Given $n$ is a positive odd integer what is the fastest way to compute $\left(\frac{n-1}{2}\right)!\pmod{n}$ ?
I've observed that:
$2 \cdot \left(\frac{n-1}{2}\right) \equiv -1 \pmod{n}$
$3 \cdot \left(\frac{n-1}{2} - 1\right) \equiv \frac{3n-9}{2} \pmod{n}$
$4 \cdot \left(\frac{n-1}{2} - 2\right) \equiv -10 \pmod{n}$
And therefore:
$2 \cdot 3 \cdot 4 \cdot \left(\frac{n-1}{2}\right) \cdot \left(\frac{n-1}{2} - 1\right) \cdot \left(\frac{n-1}{2} - 2\right) \equiv (-1) \cdot \left(\frac{3n-9}{2}\right) \cdot (-10) \equiv -45 \pmod{n}$
So this reduces the number of multiplications needed by $5$ and it can be reduced even more if we continue multiplying the numbers like that. But I don't know how to get a formula from it. Is it possible at all?

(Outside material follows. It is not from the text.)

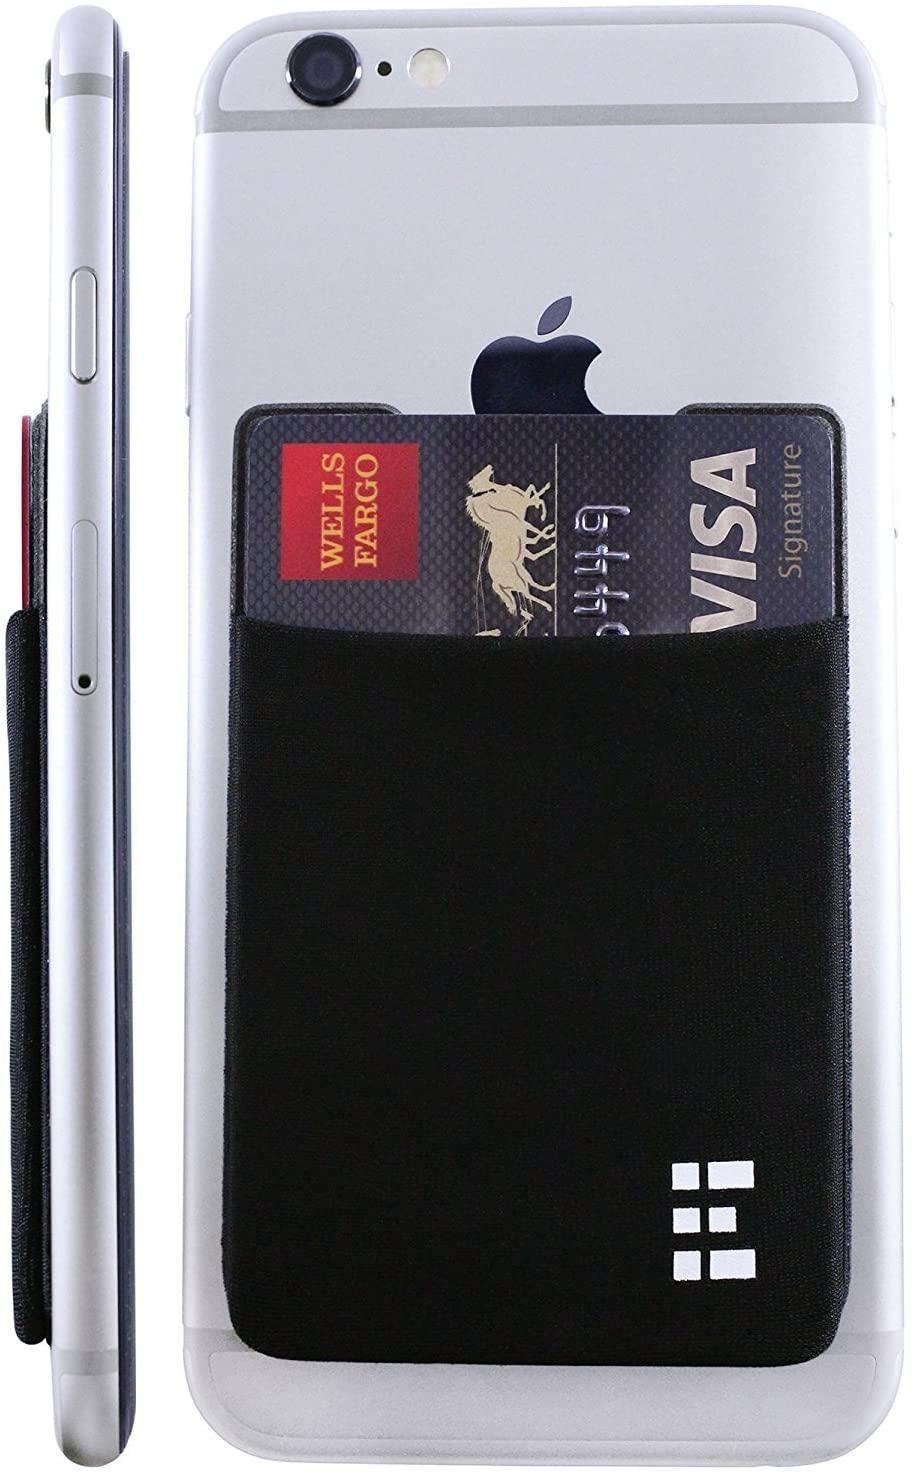 Cell Phone Credit Card Holder Stick On Wallet Case w/RFID Blocking (Midnight)

Assume $n$ is odd, composite, and not the square of a prime. Then $n=dD$ with $1<d<D<n/2$. $d$ and $D$ are both represented in the product $\left ( \frac{n-1}{2} \right )!$. So the result is zero.
Assume now $n$ is the the square of a prime $p$, then you need $2p \leq \frac{p^2-1}{2}$ to draw the same conclusion, by ensuring that $p$ and $2p$ are both represented in the product $\left ( \frac{n-1}{2} \right )!$. For positive integer $p$ this is equivalent to $p^2-4p>0$ so $p>4$. So the result is zero for squares of all odd primes except $3$.
Overall this tells us that the result is zero if $n$ is any odd composite except $9$.
It's easy enough to calculate that $4! \equiv -3 \pmod 9$, so that case can be handled by direct calculation. For prime $n$ I don't know a fast way to do it (i.e. faster than $O(n)$). In fact I am skeptical that there is a way to do this much faster than $O(n)$ (e.g. polynomial in $\log(n)$), because if there were then this would be a good primality test.